■ GIVEN DATA
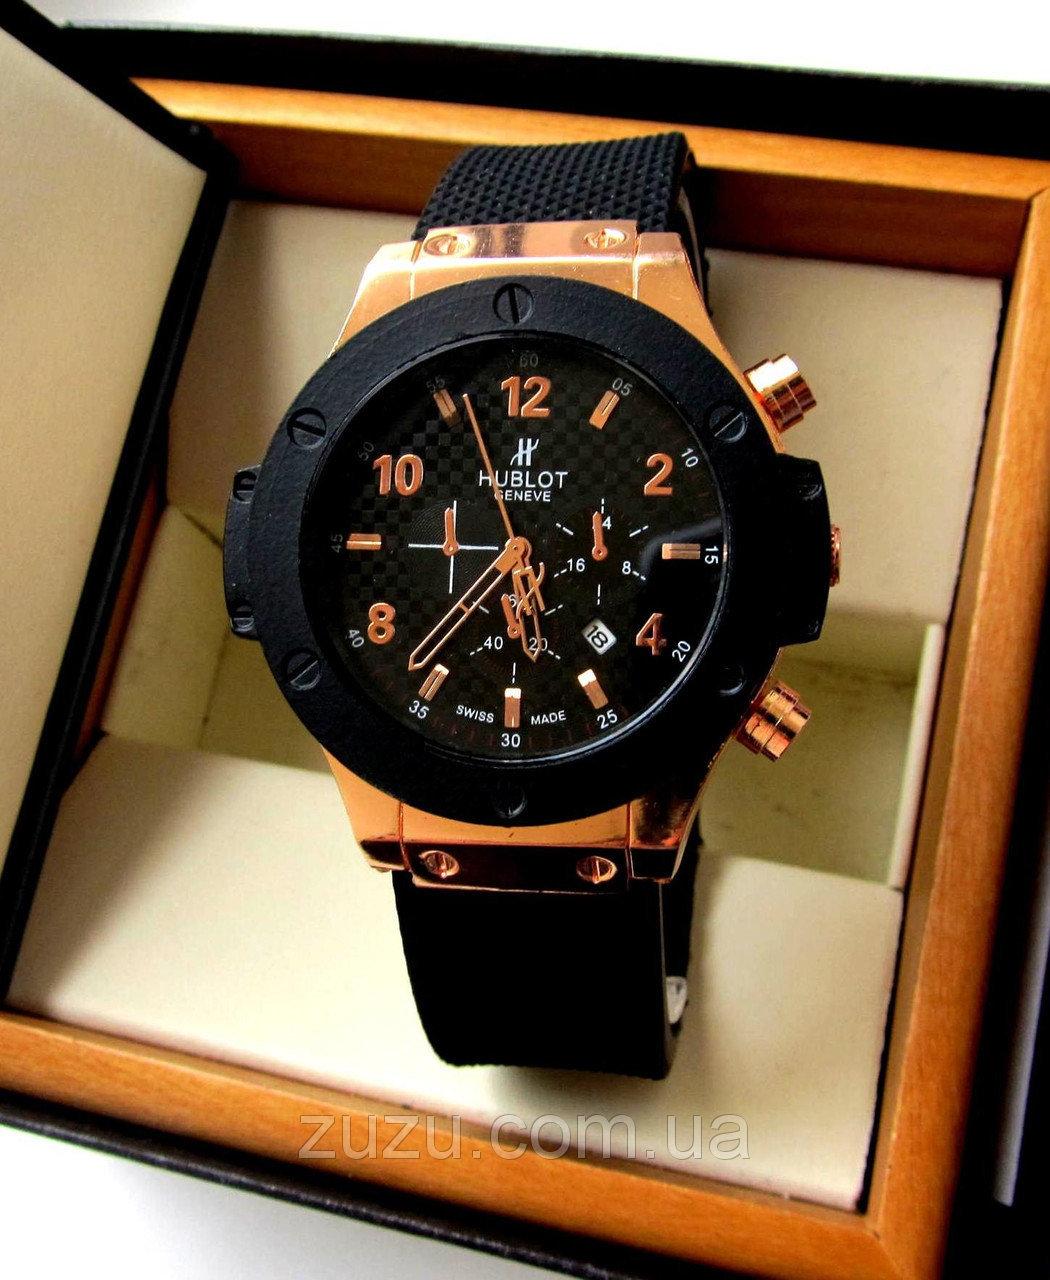 Элитные часы HUBLOT в Отрадном. Купить женские и мужские наручные часы  бренда Хублот по Подробнее cd629a09451
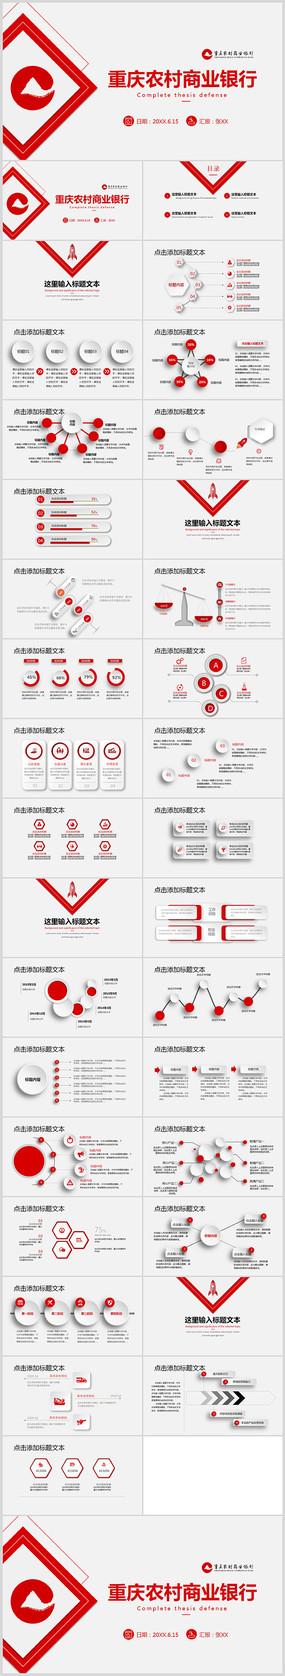 重庆农村商业银行总结动态ppt模板
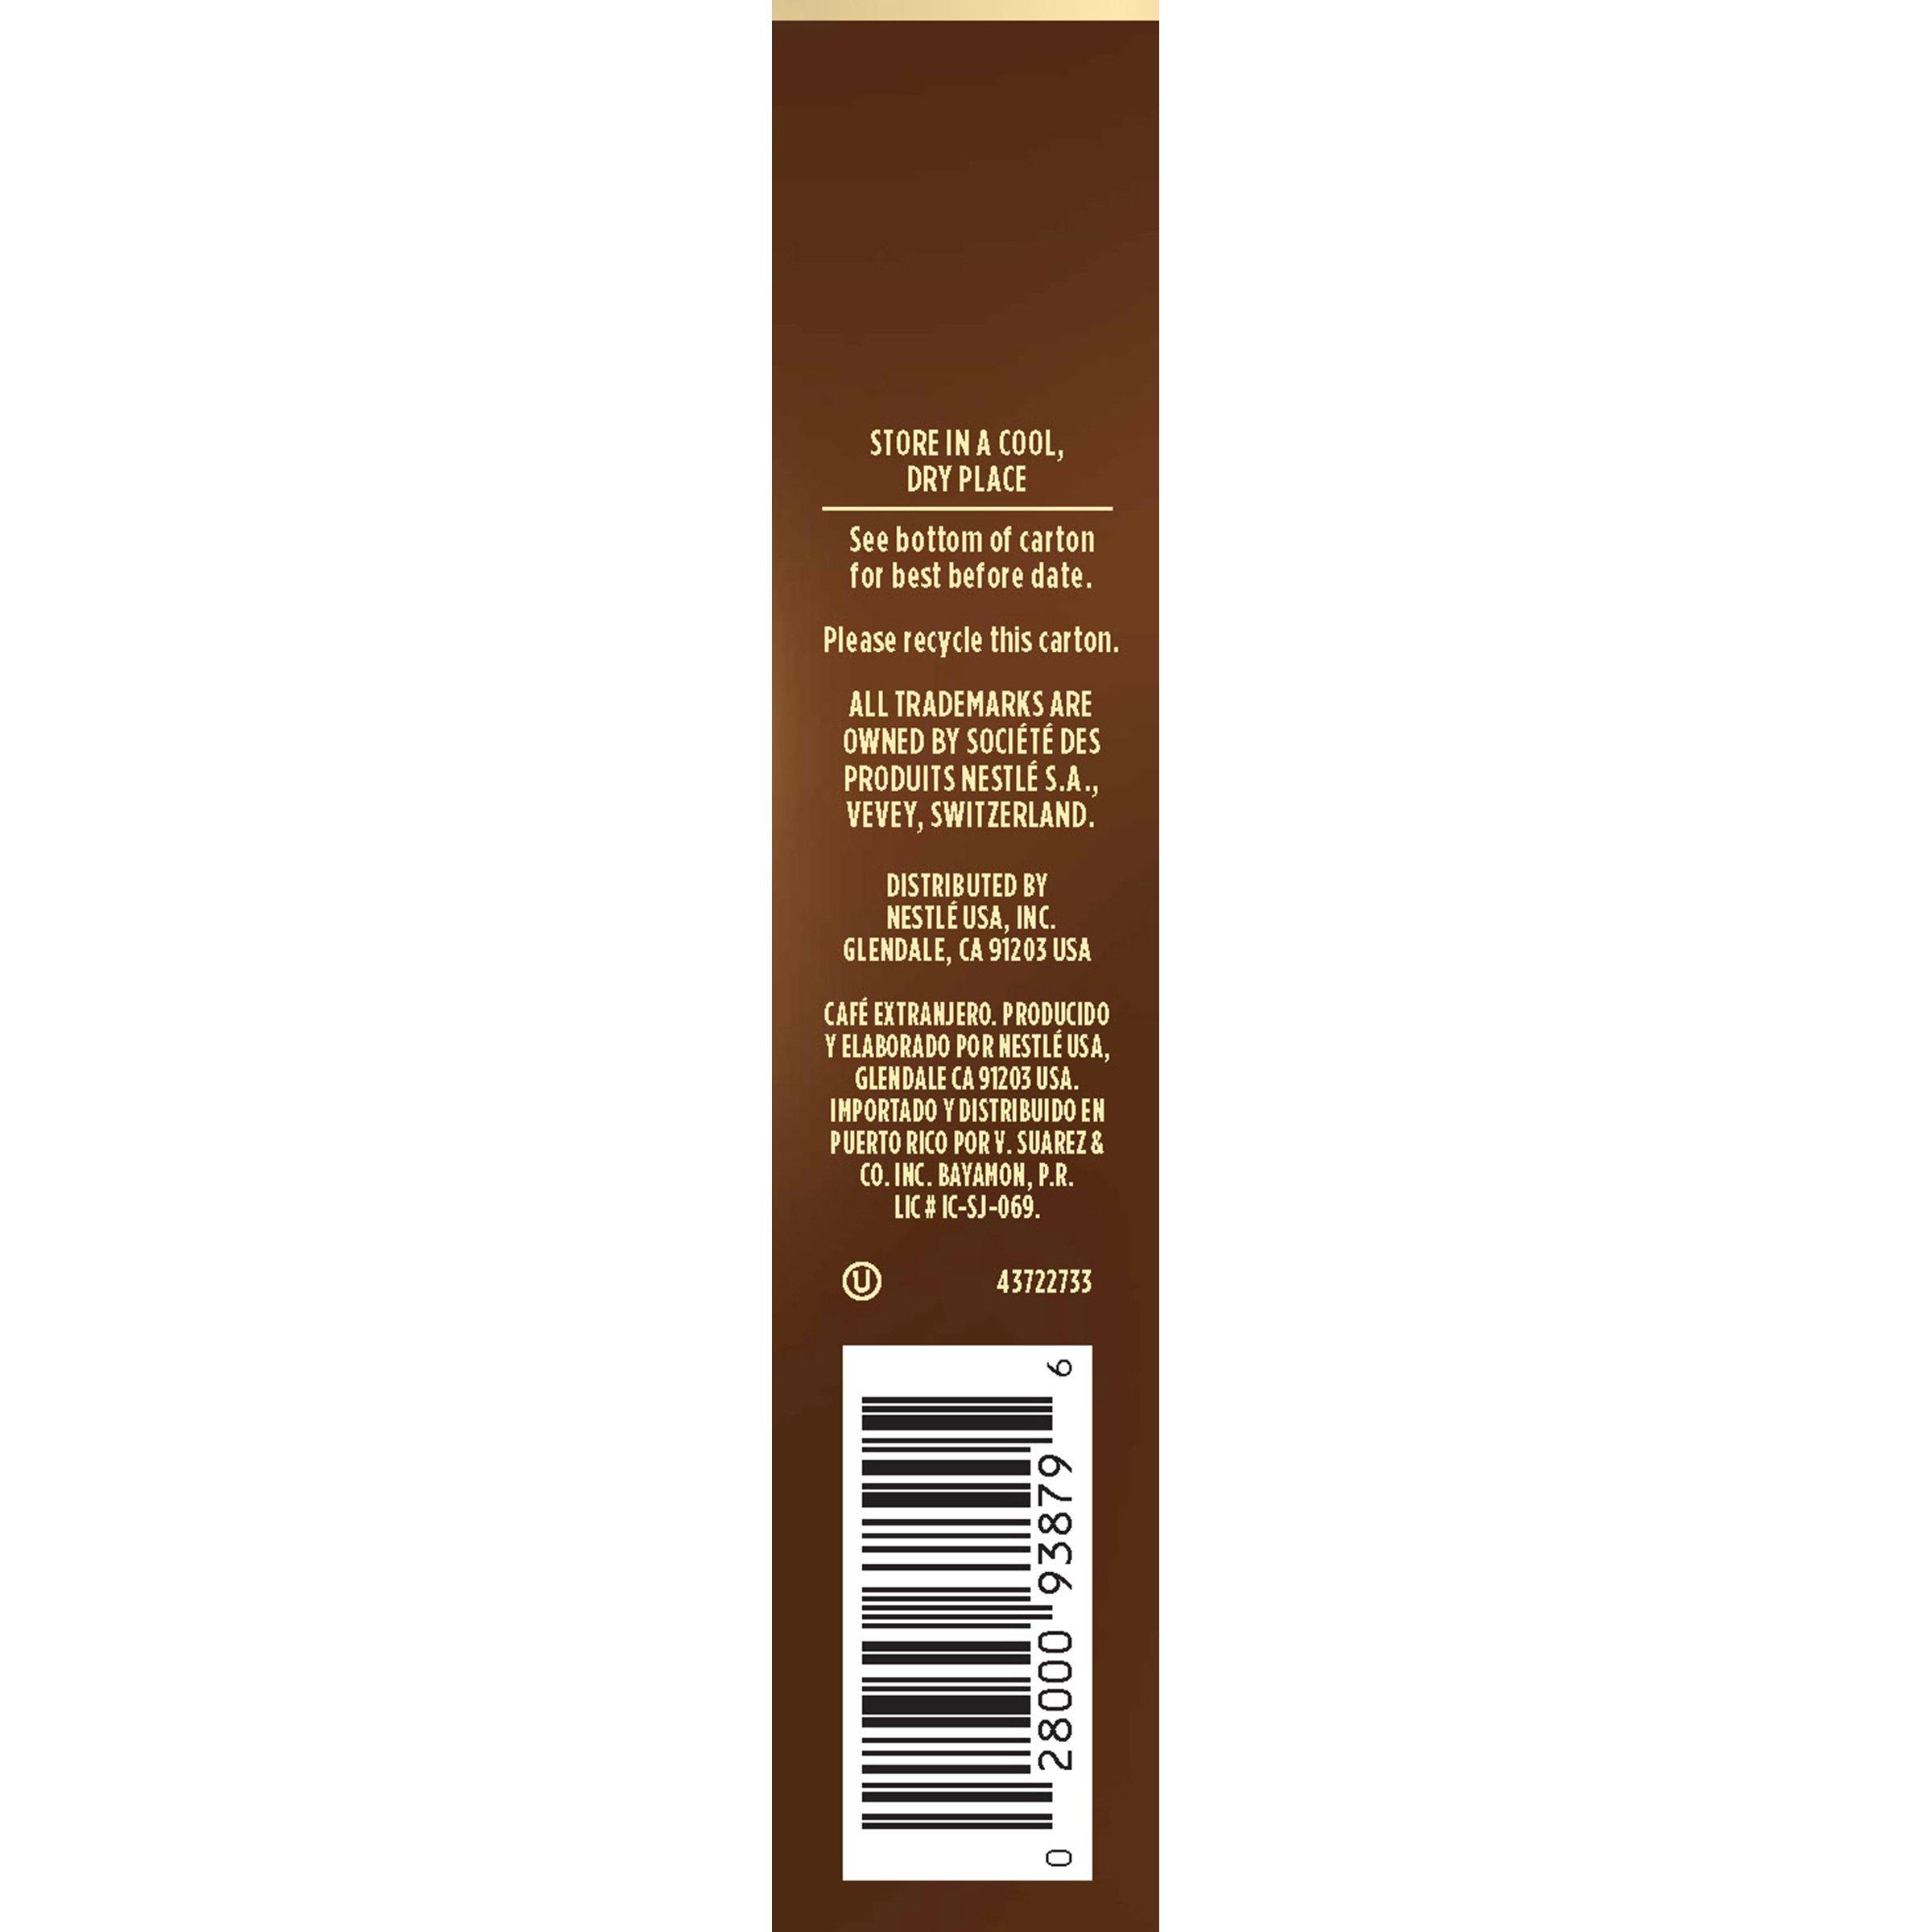 Nescafe Taster's Choice French 5 Piece Roast Instant Coffee Single Serve Sticks, 0.52 oz

■ YOUR INSTRUCTIONS
Down to the last line, print the material exactly, but not its pictures.

■ ANSWER SECTION
 Элитные часы HUBLOT в Отрадном. Купить женские и мужские наручные часы  бренда Хублот по Подробнее cd629a09451
 重庆农村商业银行总结动态ppt模板
 Nescafe Taster's Choice French 5 Piece Roast Instant Coffee Single Serve Sticks, 0.52 oz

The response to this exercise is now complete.